### Exercise prompt
Images are not part of the copy; write out the rest of the data exactly as given.

### Data excerpt
--------------------------------------------------
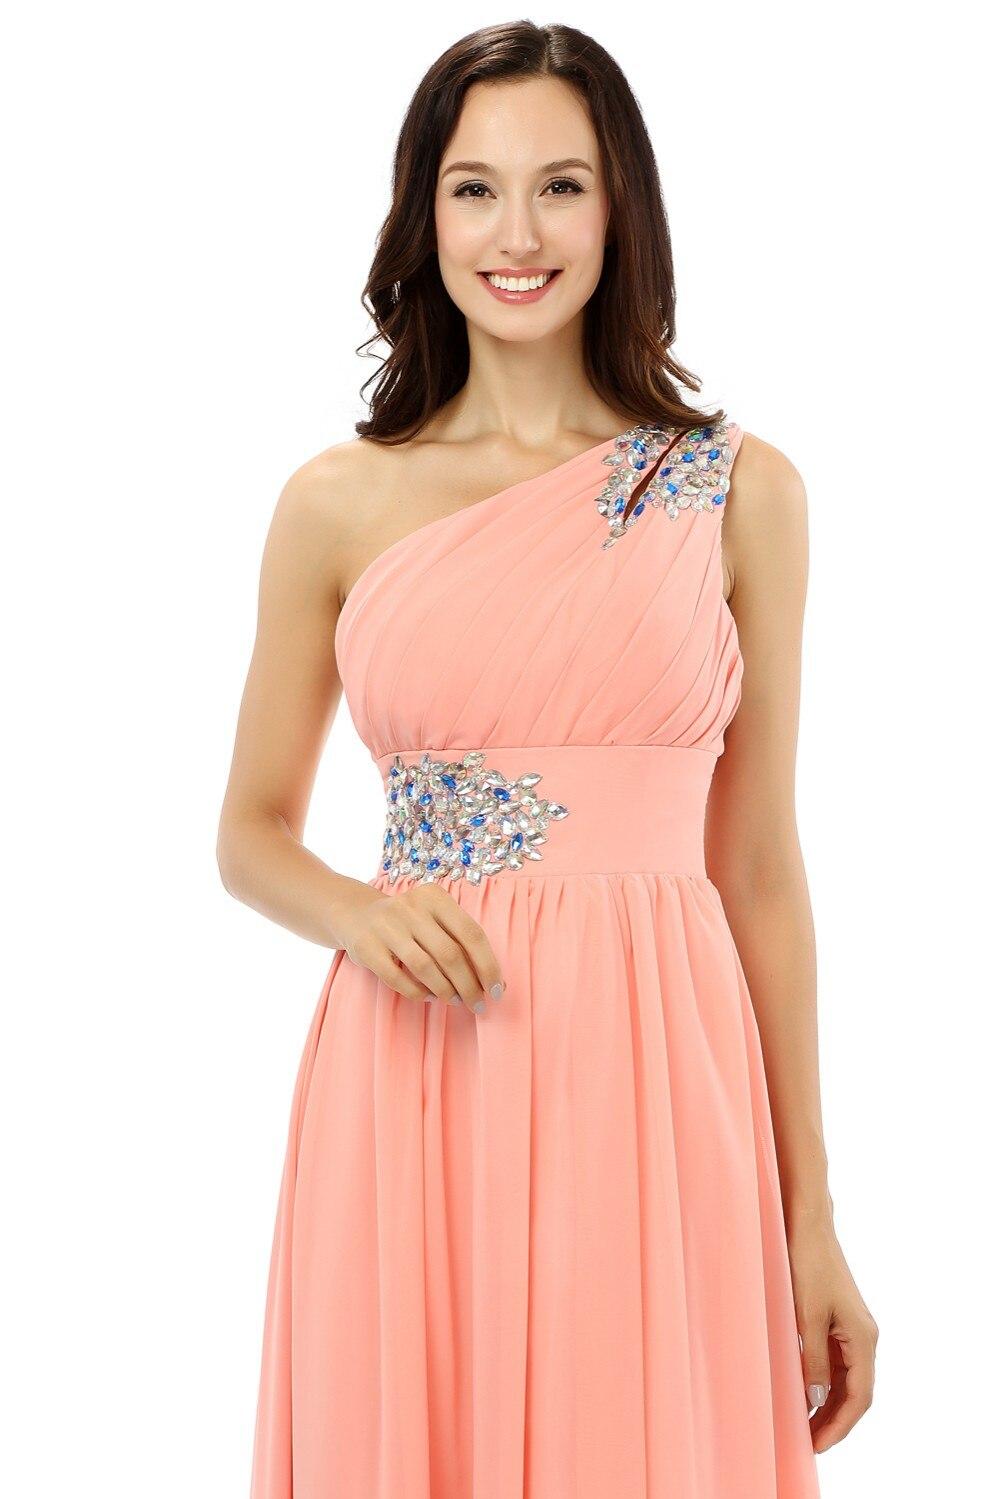 New 2018 Cheap Bridesmaid Dresses Under 50 A line One shoulder Floor ...
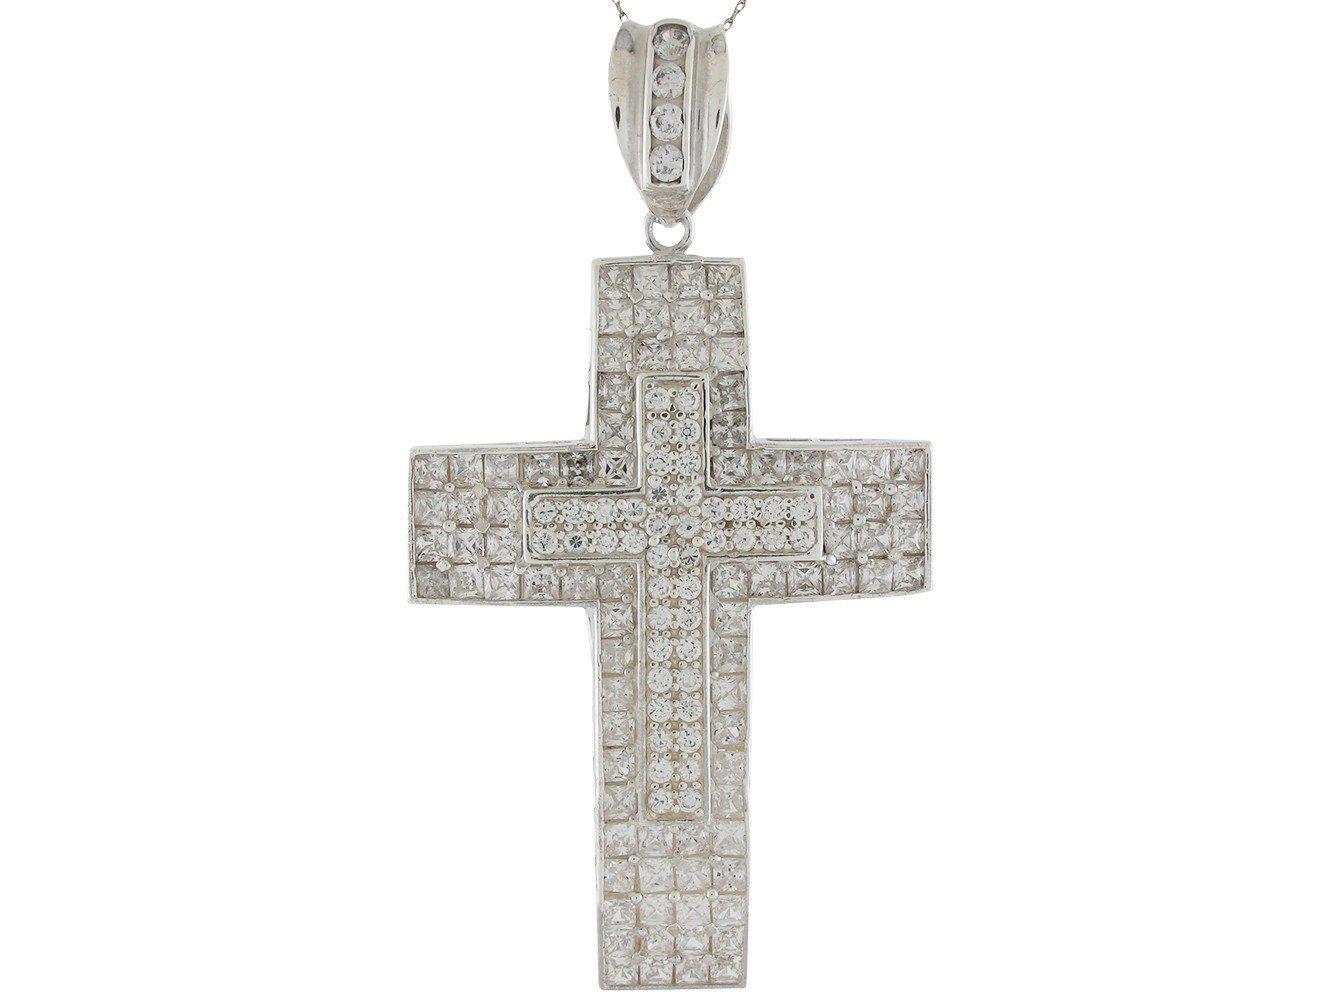 Brilliant White CZ Accented Huge Double Latin Cross Pendant 14k White Gold
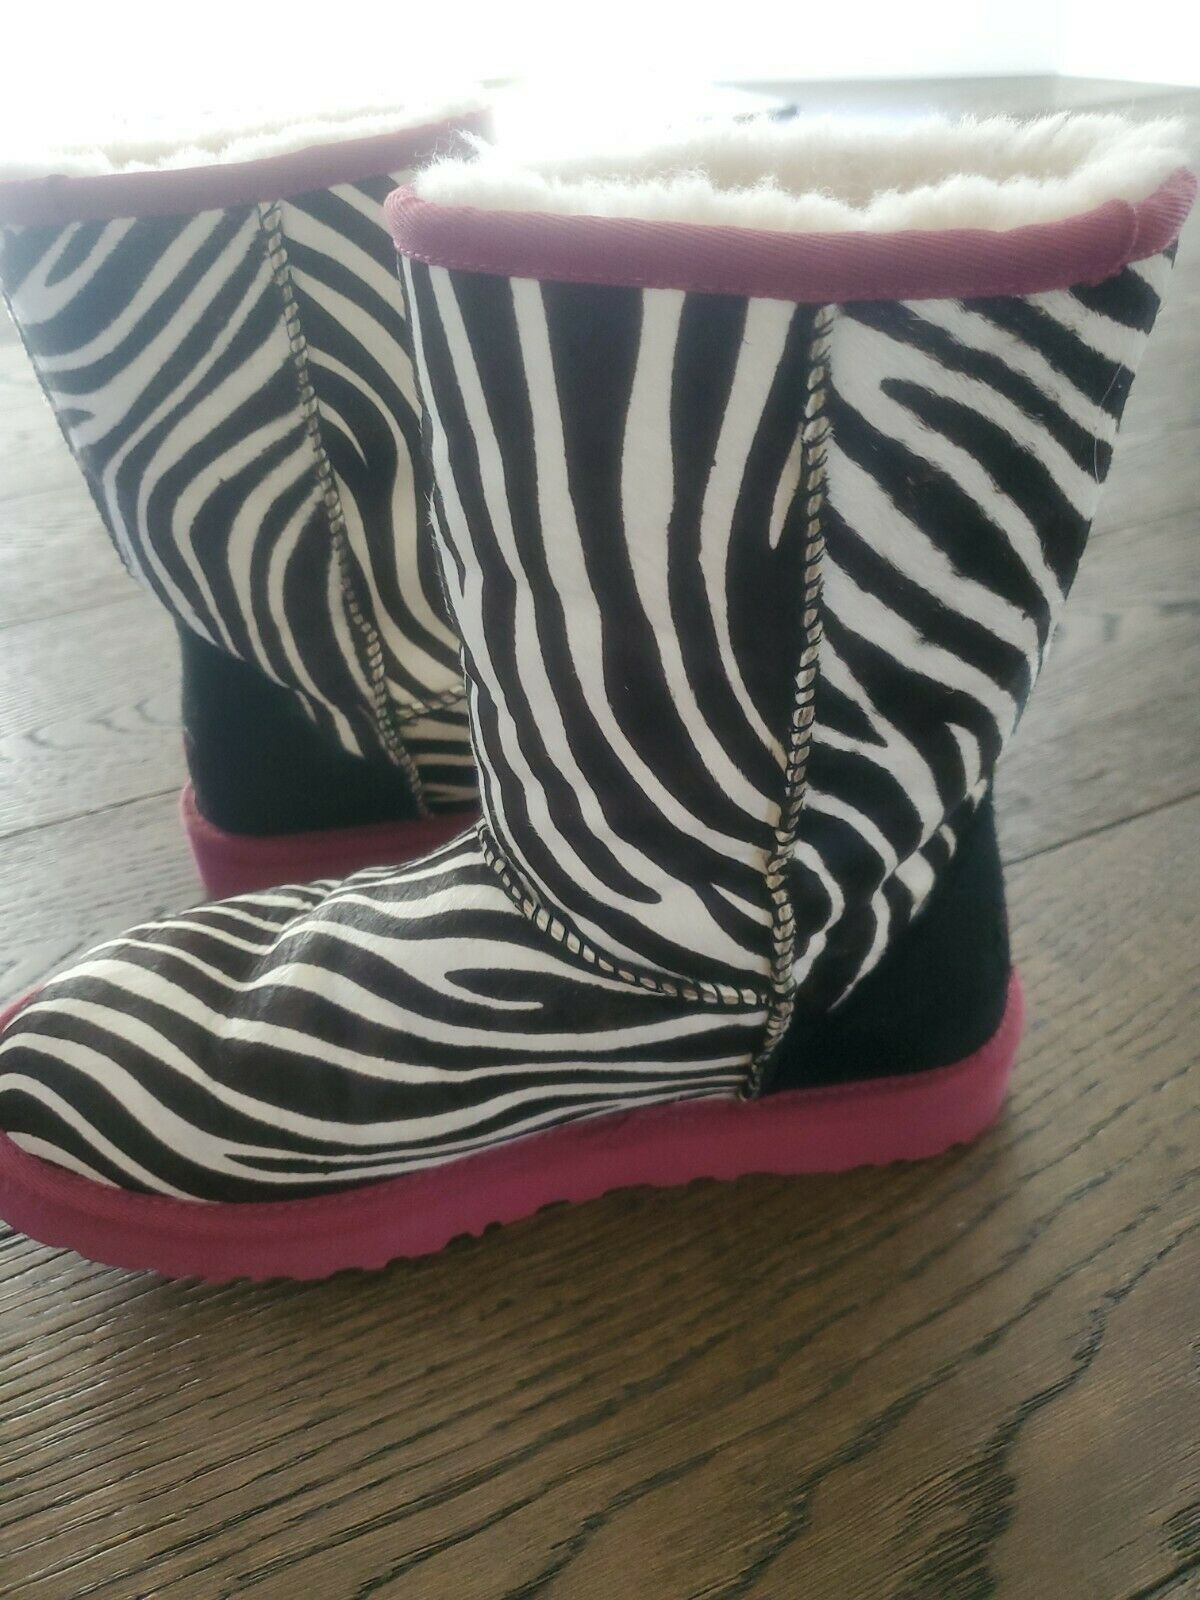 UGG Zebra Boots - image 5
--------------------------------------------------
### Solution to this exercise
 New 2018 Cheap Bridesmaid Dresses Under 50 A line One shoulder Floor ...
 Brilliant White CZ Accented Huge Double Latin Cross Pendant 14k White Gold
 UGG Zebra Boots - image 5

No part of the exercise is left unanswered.